Утром к хате, в которой размещался полевой госпиталь, подогнали много убогих крестьянских подвод. Положили в них тяжелораненых, по два человека на подводу, укрыли тонкими и ветхими серого цвета солдатскими одеялами, — только бледные лица смотрели в небо да белели бинты у раненных в голову. Легкораненых — серую солдатскую массу с белыми повязками, чаще всего на руках, отправили пешком, вместе с санитарами. И так поехали. И так пошли и поехали на станцию Вильковышки, в тридцати верстах отсюда.

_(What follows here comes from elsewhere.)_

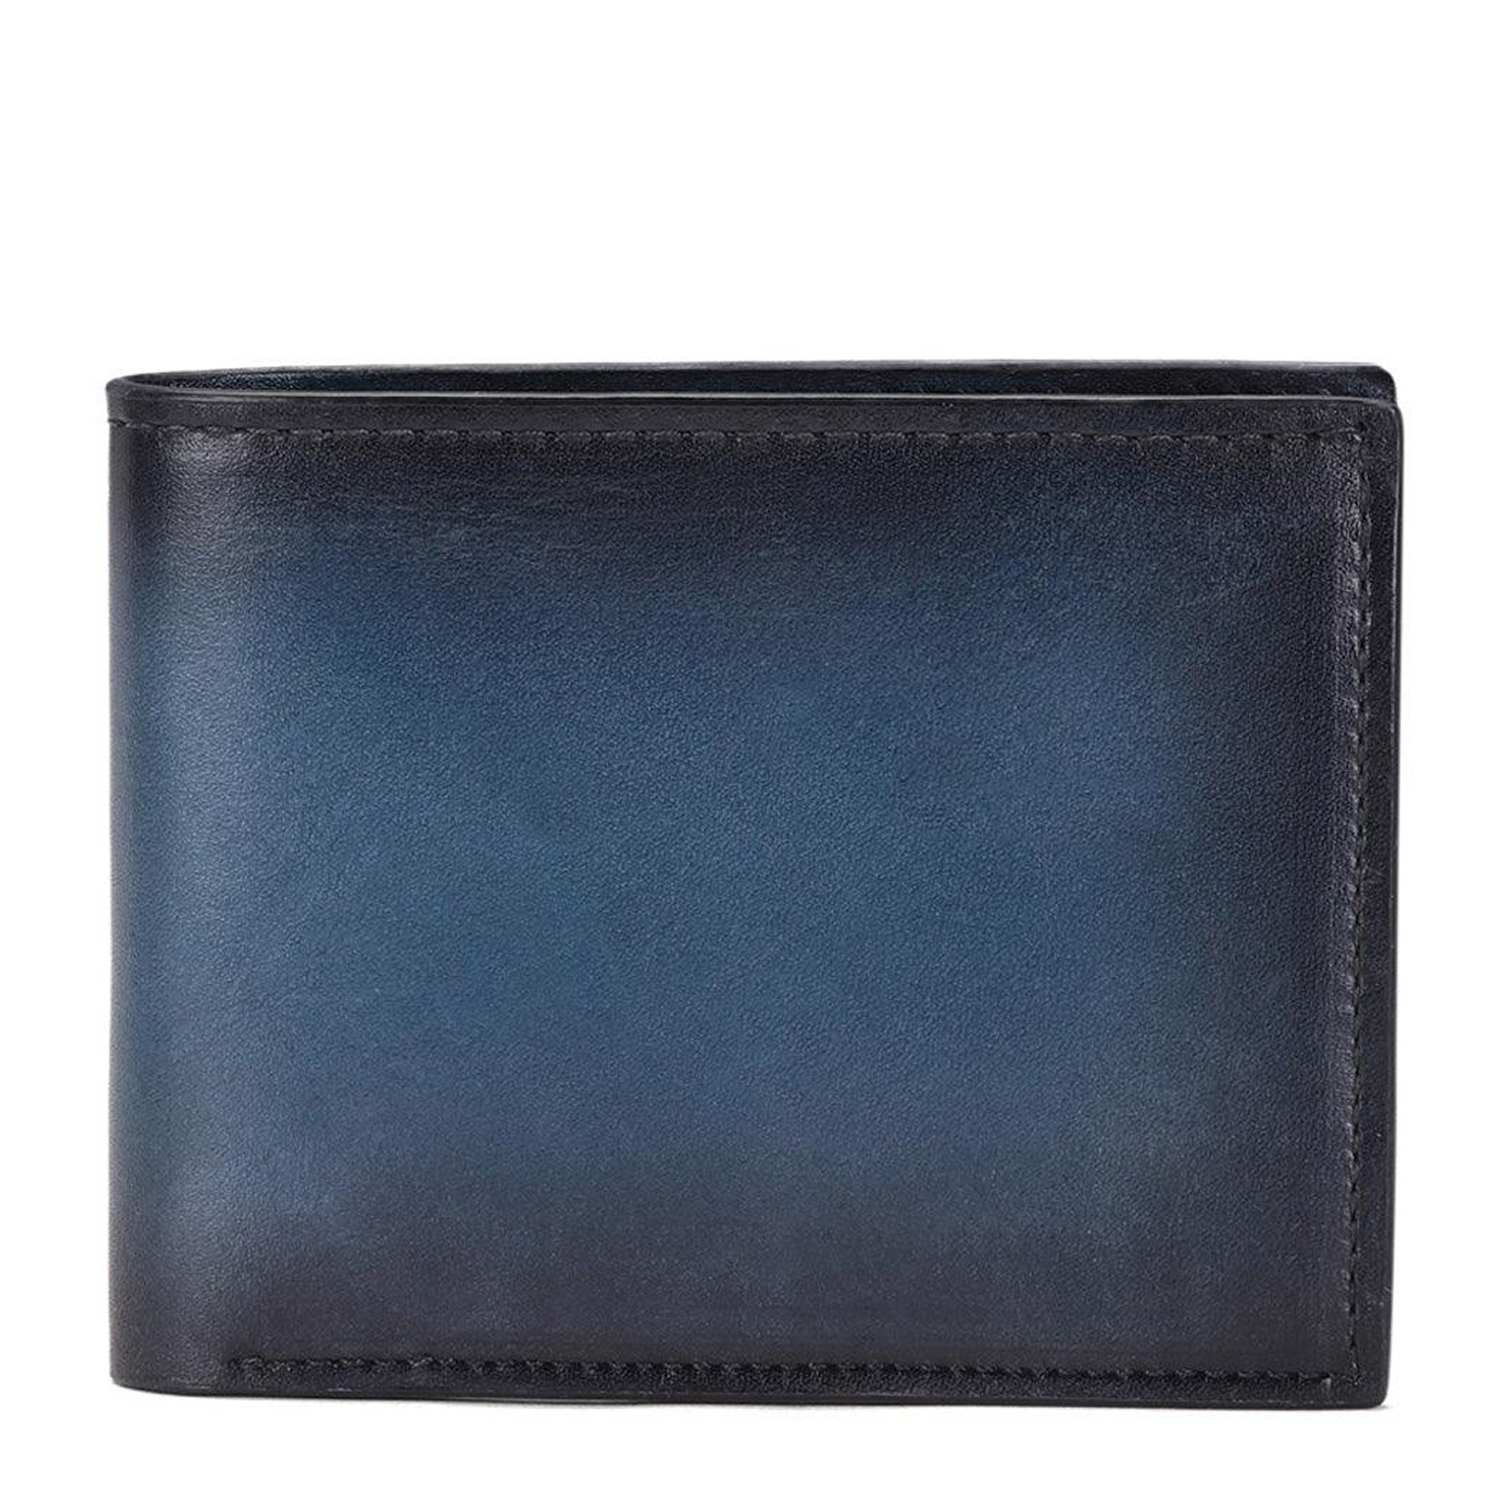 Buy Best Leather Wallets for Men Online – Hidesign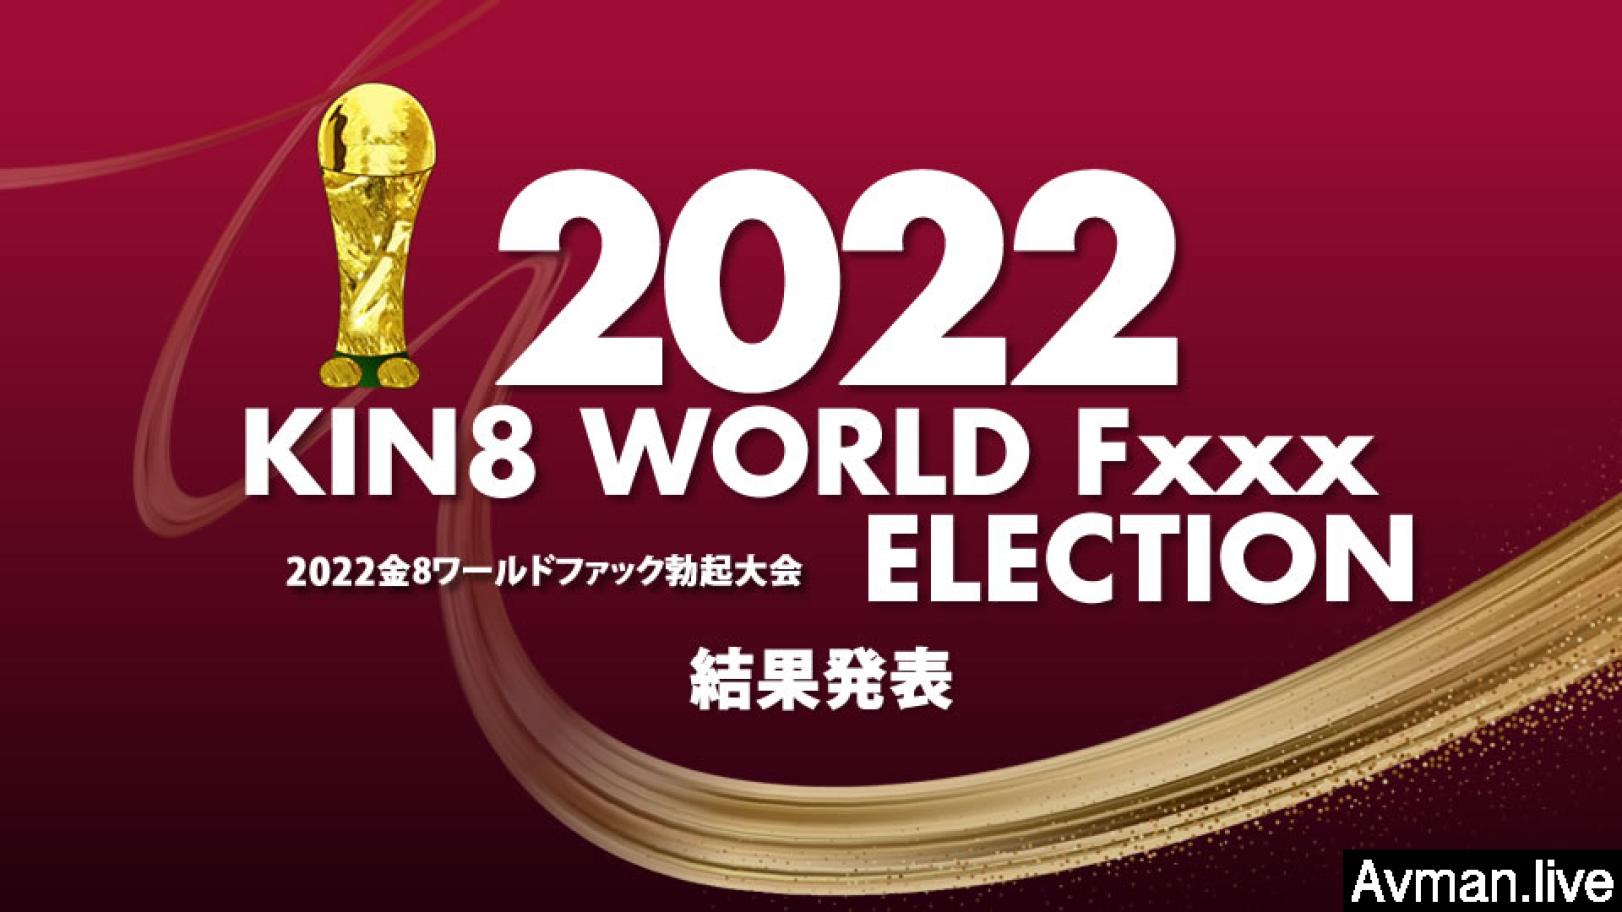 2022 KIN8 WORLD Fxxx ELECTION 結果発表 #

Погода была хорошая: хотя и холодная, как всегда в октябре, но сухая.
«Чтобы только не пошел в дороге дождь, — думал я. — Ну, однако же, до вечера погода, вероятно, постоит, а мы успеем доехать».
Я был доволен; я был рад ехать на свежем воздухе и смотреть, лежа, на серое небо.
Однако вскоре стало немного досадно, что едут невероятно медленно, не более версты в час. Часто останавливались, снимали кого-то, перекладывали, что ли. И это было еще досаднее, хотя тогда не трясло.
Телеги были очень тряские, подстеленное сено сразу слежалось, а дорога становилась чем дальше, тем все хуже, каменистая и неровная...
Вначале я крепился, опирался на руки, сжимал зубы, напрягал живот и все тело. Потом невольно стал терять терпение и добродушное настроение.
Когда очень подбрасывало на ухабах, стал кричать сквозь стиснутые от боли зубы:
— Тише, тише!.. Остановитесь же, остановитесь! Замучите!
Так трясло и так подкидывало на каждом камне, на каждом ухабе, что боль в ноге уже невозможно было терпеть.
Обоз растянулся на полверсты или более. То одна, то другая подвода останавливалась, отставала, потом догоняла переднюю, когда та останавливалась. И я слышал и спереди и сзади стоны на подводах, злое ворчание, жалобы. Только санитары и легкораненые весело шли рядом или сзади, обгоняли, останавливались, курили и разговаривали, даже рассказывали что-то веселое и смеялись.
Мой сосед, который лежал рядом, с левой стороны, какой-то пехотинец, сначала очень стонал, потом все тише и тише и, наконец, совсем утих. Я со страхом подумал, как бы он не умер, лежа тут рядом со мной на одной телеге.
Когда не очень трясло, я думал о том, что такое боль, почему ее нельзя представить себе, когда перестает болеть, и почему ее чувствуют все живые существа. Что такое боль? Раздражение нервов; следовательно, боль существует как бы только в мыслях того, кому больно. Но, может быть, и дереву больно, когда его рубят топором, только мы этого не знаем.
Я проклинал войну, проклинал скверную медицинскую помощь, с горечью думал о том, что медицинская наука еще очень слабая наука, хотя и пишут в газетах и журналах о разных необыкновенных операциях, будто и в сердце могут что-то вычистить, разрезать, зашить — и вылечить. Я проклинал все тряские телеги в мире, с досадой думал о том, что крестьянину ведь очень просто сделать что-то более удобное, не такое тряское, но где уж это сделать таким медлительным, бестолковым жмогусам-возницам.
Теперь мне было больно, когда и не трясло. К ноге нельзя было притронуться, нельзя было хоть чуть-чуть повернуть ее. А здоровая нога зябла, и всему мне становилось скверно и холод.
Я думал, сколько часов мы уже едем. Может, два? Может, четыре?
Сосед пошевелился и попросил курить. Жмогус не слышал, и я сердито крикнул ему в спину:
— Остановись! Остановись же ты!
Старик-жмогус услышал, ничего не сказал и остановил коня. Затем посмотрел через плечо, а затем слез с телеги.
— Он курить просит... — сказал я капризно.
Дед-жмогус, с седенькой небритой щетиной на лице,
достал кисет, свернул две цигарки, раскурил сперва одну, потом другую и уже раскуренную дал раненому. Тот взял ее слабой рукой и поднес к губам.